Data extract
------

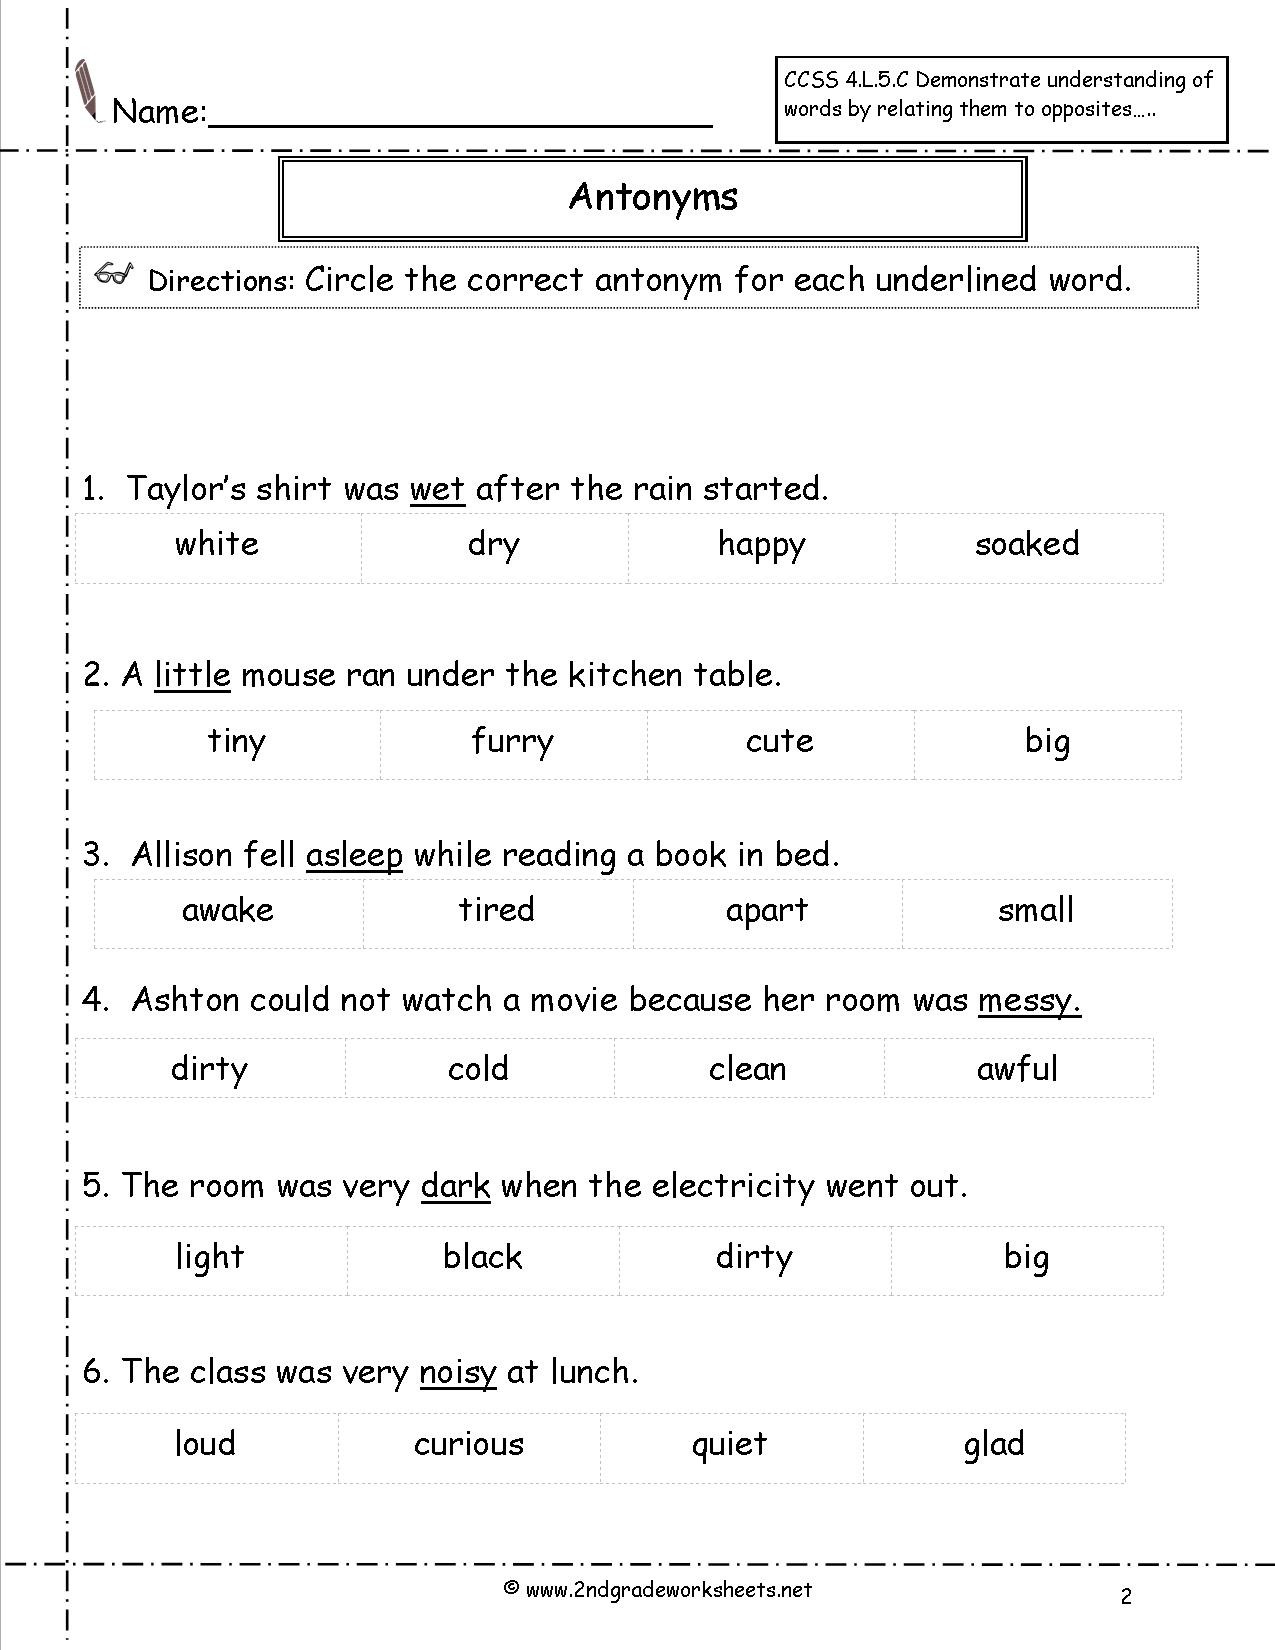 Antonyms Worksheets 3rd Grade Synonyms and Antonyms Worksheets
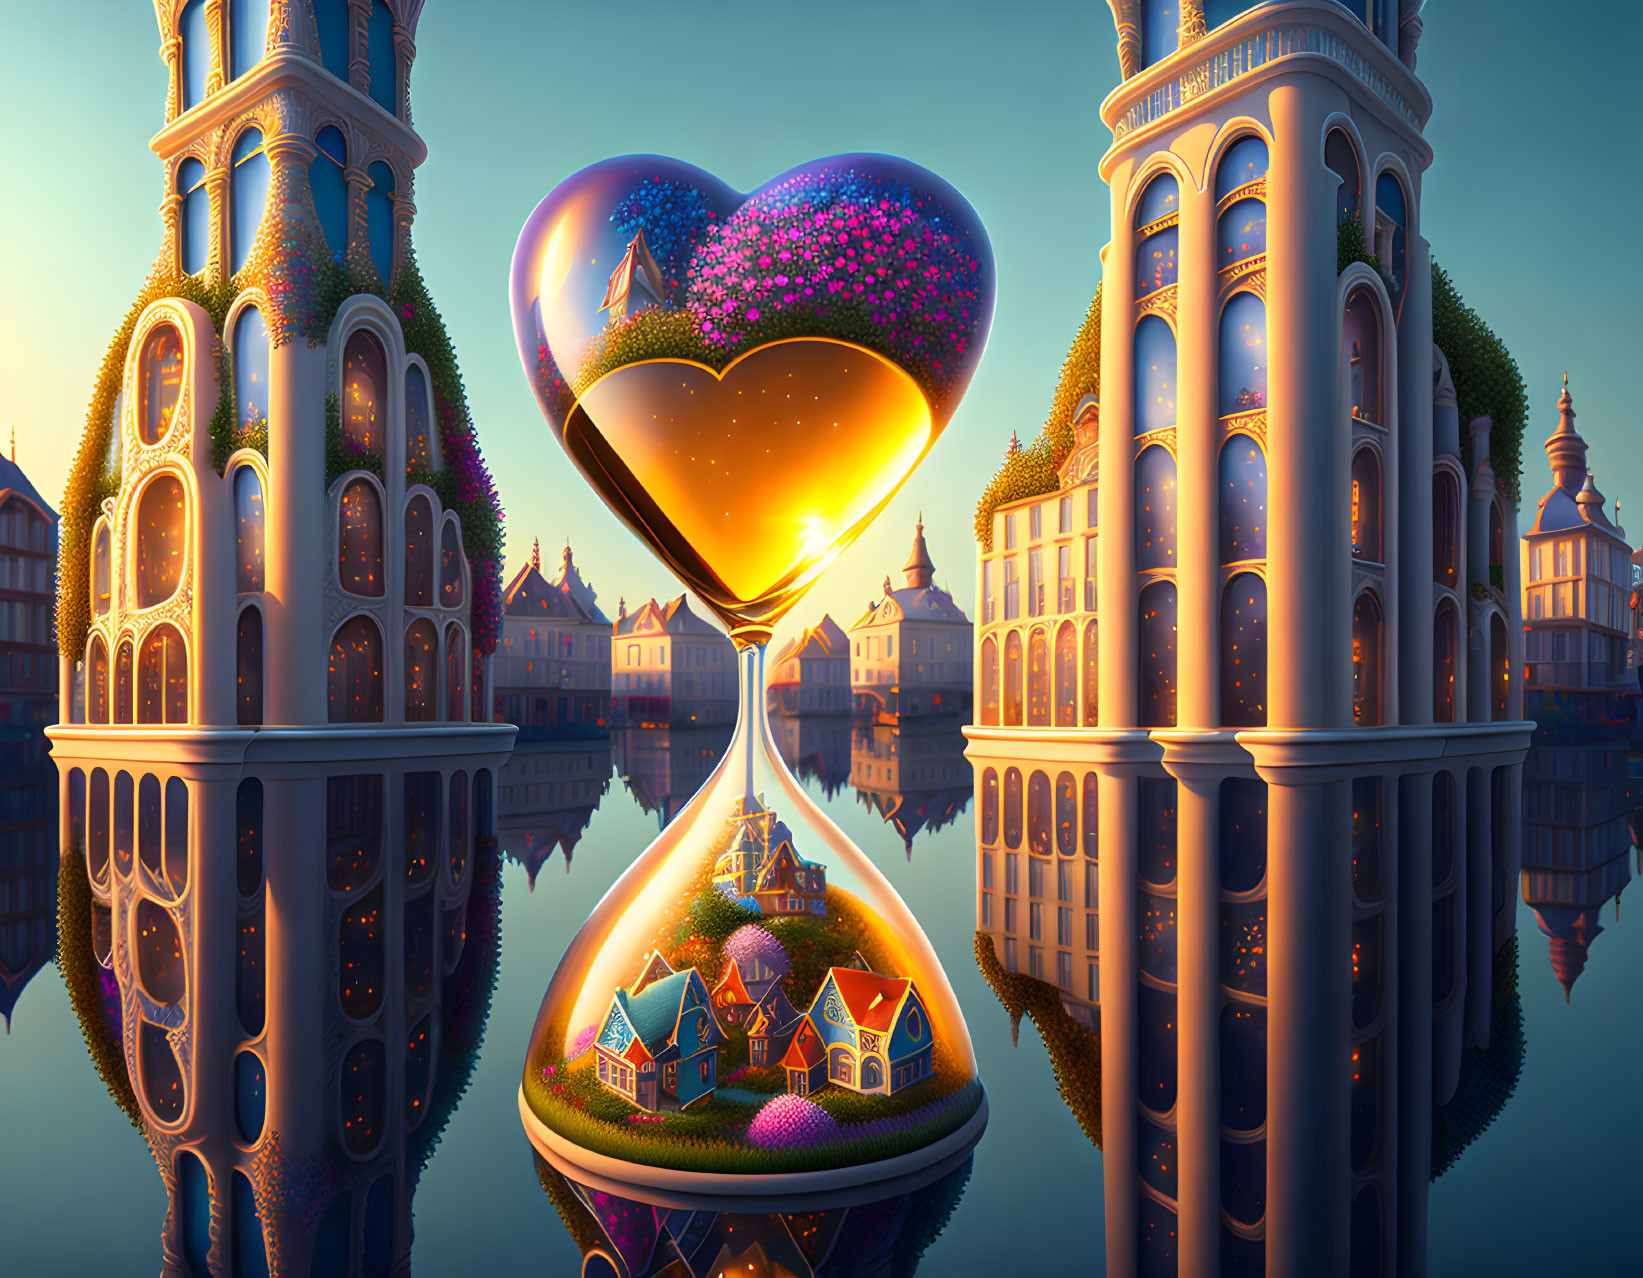 Heart-shaped hourglass with village in vibrant colors against twilight backdrop
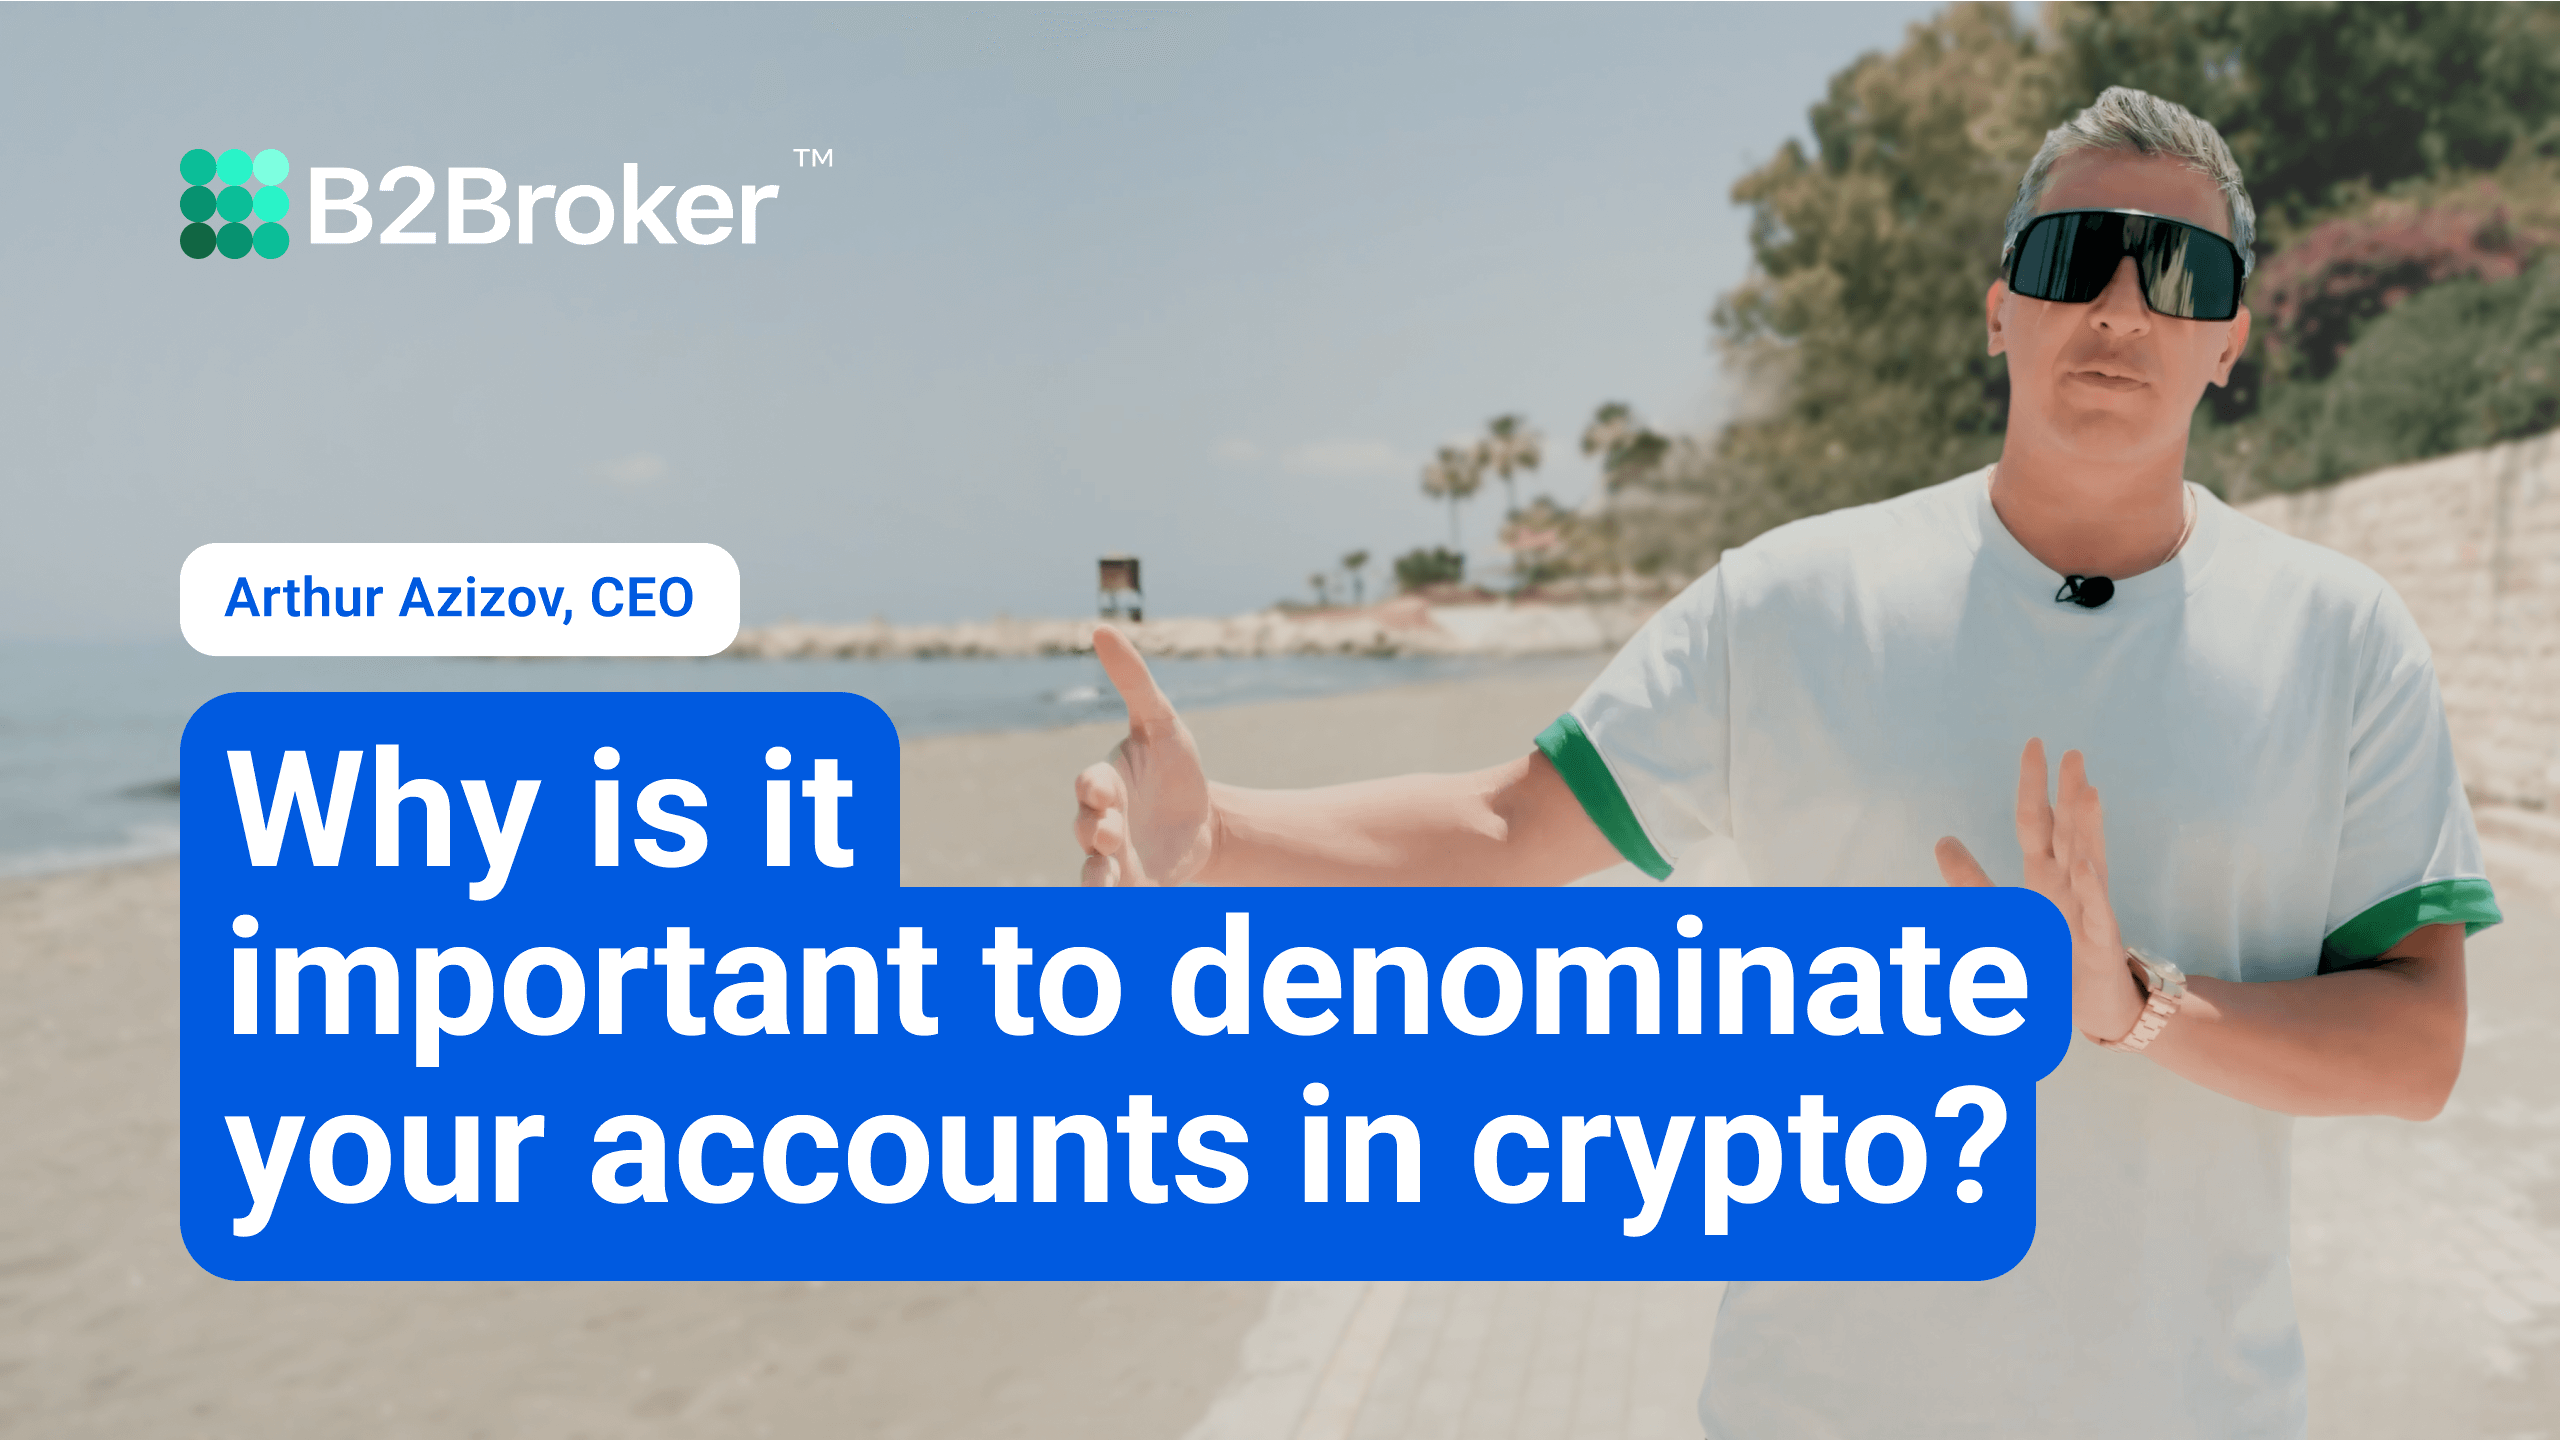 B2Broker Q&A | Crypto Denomination: What You Need To Know

------

What is required
With the pictures left out, write out all of the data exactly.

Response below
 Antonyms Worksheets 3rd Grade Synonyms and Antonyms Worksheets
 Heart-shaped hourglass with village in vibrant colors against twilight backdrop
 B2Broker Q&A | Crypto Denomination: What You Need To Know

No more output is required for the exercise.